U.S. v. Ramirez-Fuentes

Federal 7th Circuit Court
Criminal Court
Evidence
Citation
Case Number: 
No. 12-1494
Decision Date: 
January 3, 2013
Federal District: 
N.D. Ind., Hammond Div.
Holding: 
Affirmed
In prosecution on drug distribution and related firearms charges, Dist. Ct. did not err in admitting evidence from police officer who indicated that acts of violence were typically linked to drug deals, even though defendant argued that said evidence was irrelevant to charged offenses. Said testimony was relevant to instant charge of possession of firearm in furtherance of drug trafficking crime because it allowed jury to properly infer that firearms were being used in instant case to protect drugs from potential theft. Dist.

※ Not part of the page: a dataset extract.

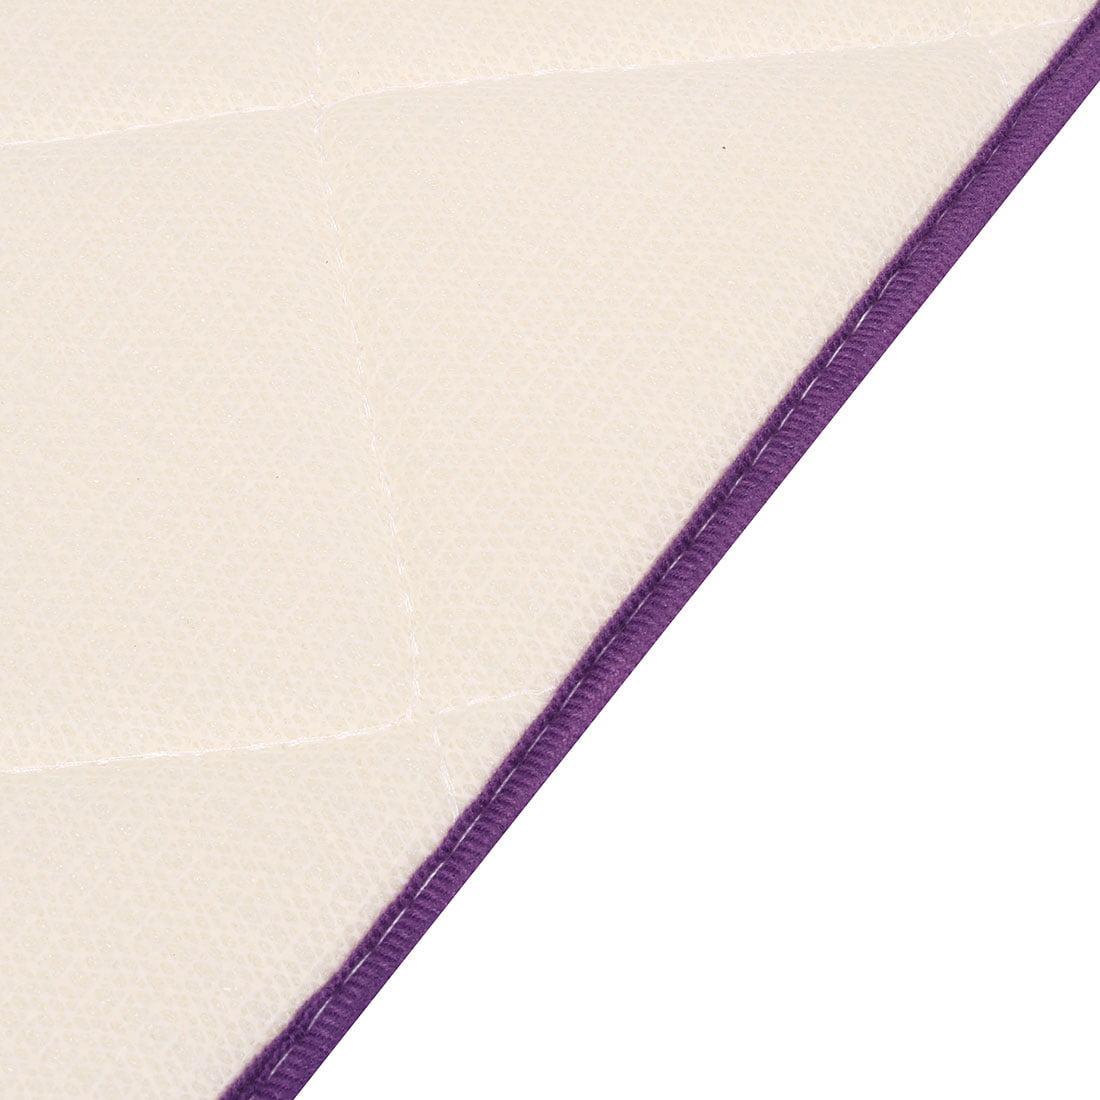 Bathroom Coral Fleece Slip Resistant Washable Floor Rug Carpet Doormat Purple - image 2 de 4

Ct. erred, though, in permitting officer to make references to “Mexican methamphetamine” being produced by “Mexican nationals” since said references to defendant’s nationality posed risk that racial bias might play role in jury’s verdict. However, error was harmless where defendant gave statement admitting to possession of both methamphetamine and firearms.

People v. Lipscomb-Bey

Illinois Appellate Court
Criminal Court
Evidence
Citation
Case Number: 
2011 IL App (2d) 110187
Decision Date: 
Friday, December 28, 2012
District: 
2d Dist.
Division/County: 
Du Page Co.
Holding: 
Affirmed in part and reversed in part.
Justice: 
BURKE
Evidence was insufficient to show a substantial step for crimes of being an attempted armed habitual criminal. State was required to show that Defendant took a substantial step toward receiving, selling, possessing, or transferring a firearm, but evidence showed only that Defendant showed up only to negotiate terms of a sale, that there was no meeting of the minds, and that a separate encounter would have been necessary to transfer the gun. Though evidence showed Defendant's intent to sell a gun, Defendant did not possess a gun, and many essential steps remained toward commission of offense. (JORGENSEN and SCHOSTOK, concurring.)

People v. Brexton

Illinois Appellate Court
Criminal Court
Speedy Trial Act
Citation
Case Number: 
2011 IL App (2d) 110606
Decision Date: 
Friday, December 28, 2012
District: 
2d Dist.
Division/County: 
Stephenson Co.
Holding: 
Affirmed in part and vacated in part.
Justice: 
SCHOSTOK
Defendant's conviction of retail theft must be vacated under one-act, one-crime rule, as that conviction and conviction of theft by emergency exit were based on a single theft of a TV from retail store. Where defense counsel did not object to trial date, but stated that trial date was "fine" and that court had scheduled trial in accordance with Defendant's right to a speedy trial, the trial continuance is considered agreed to by Defendant. A defendant must object to a trial dely to avoid tolling the speedy-trial period, regardless of whether Defendant then realizes that trial is set outside of 120-day window. (BURKE and JORGENSEN, concurring.)

People v. Smith

Illinois Appellate Court
Criminal Court
Search & Seizure
Citation
Case Number: 
2011 IL App (2d) 120307
Decision Date: 
Thursday, December 27, 2012
District: 
2d Dist.
Division/County: 
Lake Co.
Holding: 
Reversed and remanded.
Justice: 
ZENOFF
Officer testified that he smelled slight odor of fresh cannabis from inside vehicle stopped for cracked windshield, performed warrantless search, and located fresh cannabis in sealed bottle inside car, after K-9 sniff on exterior of car alerted. Officer's testimony was not so inherently implausible that court was obligated to reject. Olfactory evidence need not be treated as a form of scientific evidence subject to threshold determination of reliability. Thus, court improperly granted motion to suppress on grounds of lack of probable cause. (JORGENSEN and SPENCE, concurring.)